Proposal 42 was rejected on Jan. 10, then passed in a new vote the next day. Margin of victory: 163 to 154.

Advertisement

“Not much of mandate,” Raveling said.

The USC coach is disgusted that the NCAA is trying to take a societal problem and turn it into an intercollegiate problem.

“This is a classic example of blaming a bad situation on the victims,” he said.

“Let me tell you something that might startle you. In 1984, the NCAA commissioned a study that revealed that had Prop. 48 existed back in 1977, 70% of the black athletes who by 1983 had graduated or were still in college studying would never have been admitted into the college in the first place.”

Raveling understands that some of those who supported Proposition 48 and Proposal 42 had their hearts in the right place. Others had other motives. Some just didn’t like the idea of larger universities loading up on high-quality, low-qualifying athletes.

For 15 years now, Raveling has been proposing other solutions. He continues to push for the elimination of freshman eligibility. Have students enroll and make them spend a game-free year amassing a cumulative grade-point average of 2.0 or greater, he says. Then give them 5 years to fulfill all their college commitments, from curricular to extracurricular.
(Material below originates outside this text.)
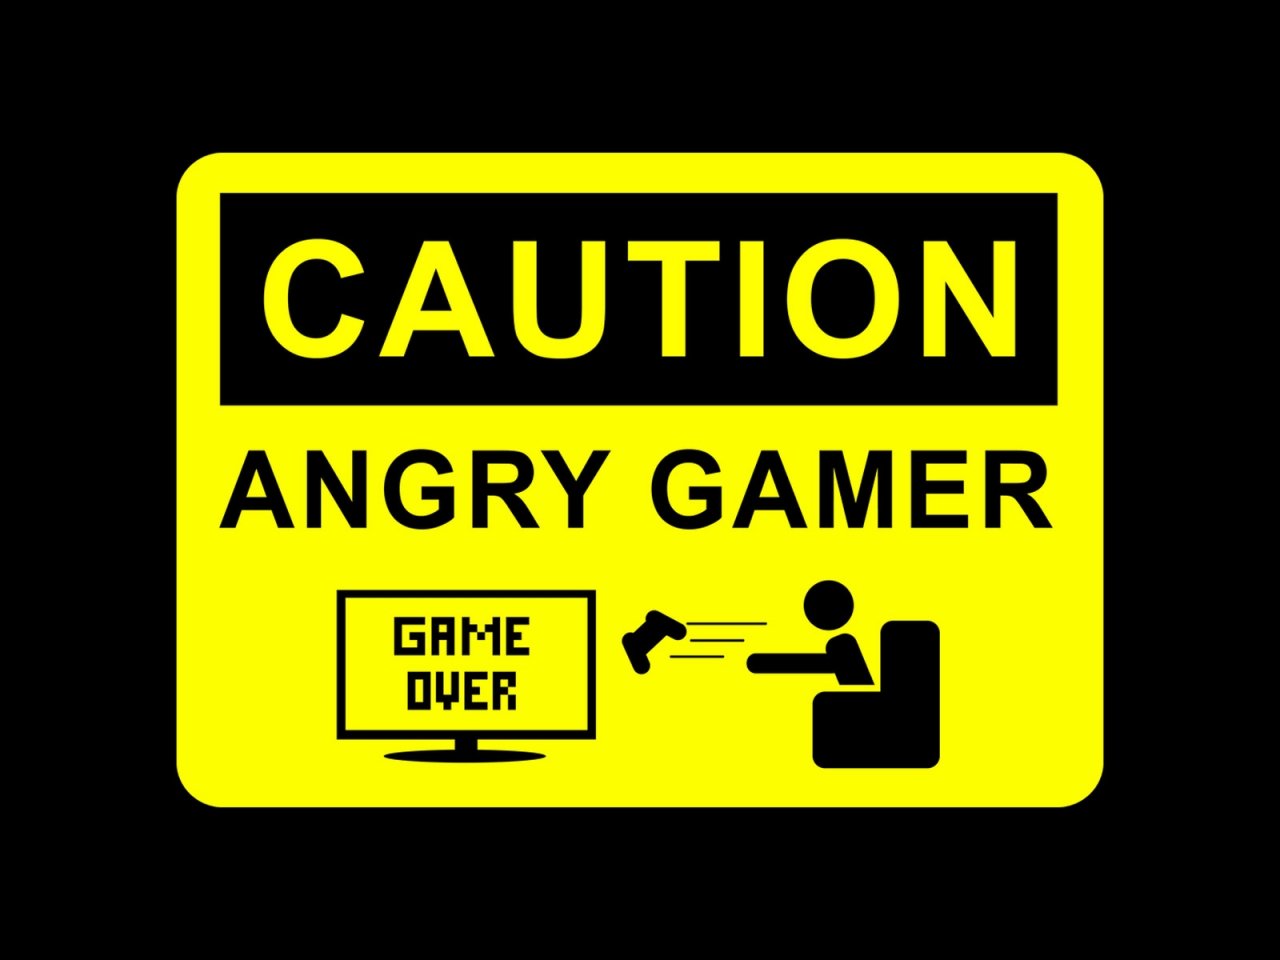 Angry Gamer for 1280 x 960 resolution

Rather than forbidding him admission, give a kid the opportunity to succeed.

“People stand up full of righteous indignation to tell us that they’re helping, but it’s a joke,” Raveling said.

“The penalty for not meeting the requirements of Prop. 48 or (Proposal) 42 is greater than the penalty if an athlete tests positive for a drug, or accepts illegal inducements. Think about it. A kid can keep the car and money these days as long as he tells who gave it to him. (As with recent NCAA immunity rulings.) And a kid who flunks a drug test might have to sit out a year, might have to pay his own way. Whereas a Proposal 42 kid isn’t allowed into school (on scholarship), just because his education’s been lacking.

Advertisement

“And furthermore, as (Louisiana State Coach) Dale Brown says, they also put the mark of Cain on him. The kid has to carry around a ‘too dumb’ stigma from that day on. See what I mean about blaming the victim?”
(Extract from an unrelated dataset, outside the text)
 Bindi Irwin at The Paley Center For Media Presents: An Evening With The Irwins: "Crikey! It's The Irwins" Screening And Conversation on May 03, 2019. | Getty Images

Some will detect racist overtones here, maybe even on both sides. Raveling is not unaware of that.

“John Thompson was very smart in getting out of saying (Proposal 42) was racist. The minute that word pops out, people start running around defending themselves, saying how their friends are black, saying how their daughter’s friends are black. Then, once again, you lose sight of the real issue here.

“It took courage to do what John did. Martin Luther King said if a man hasn’t found something in his life to stand up and fight for, maybe he’s not fit to live.
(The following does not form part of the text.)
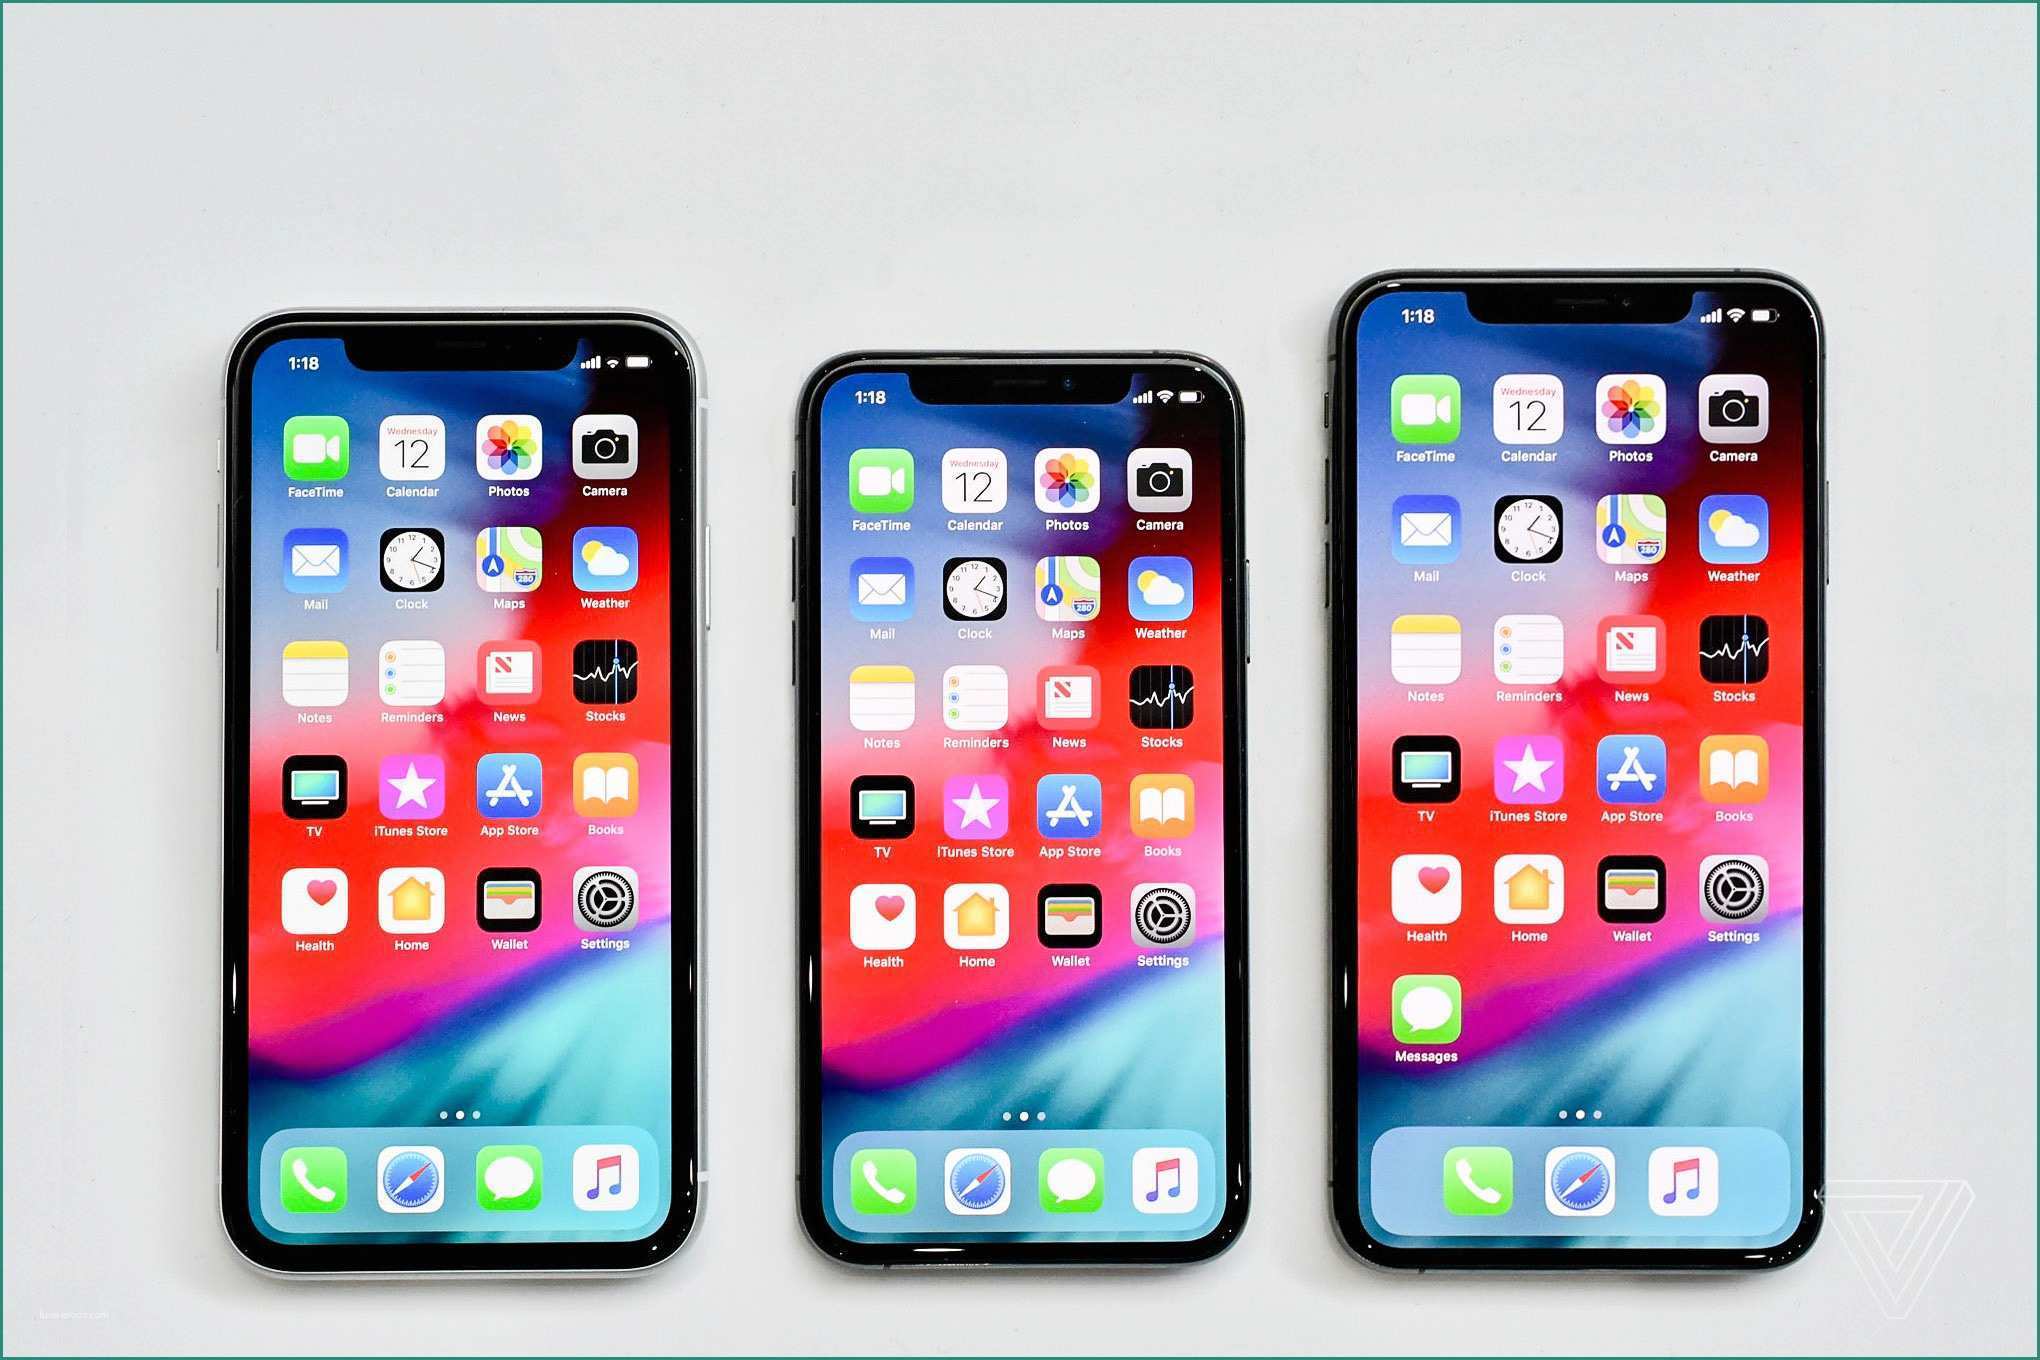 Case Mobili Moderne E iPhone Xs Vs Xs Max Vs Xr How to Pick Between Apple S Three New

“I don’t think there’s been anything that has transpired in collegiate athletics that I have found as distasteful as this,” Raveling said. “We’re tired of people hurting us by trying to help us. No more tricks.

“I’ll tell you what, if they want to give us a test on history, we’ll score 700 on it. History we know. History tells us that every time somebody tells us they’re doing us a favor, our plight worsens.”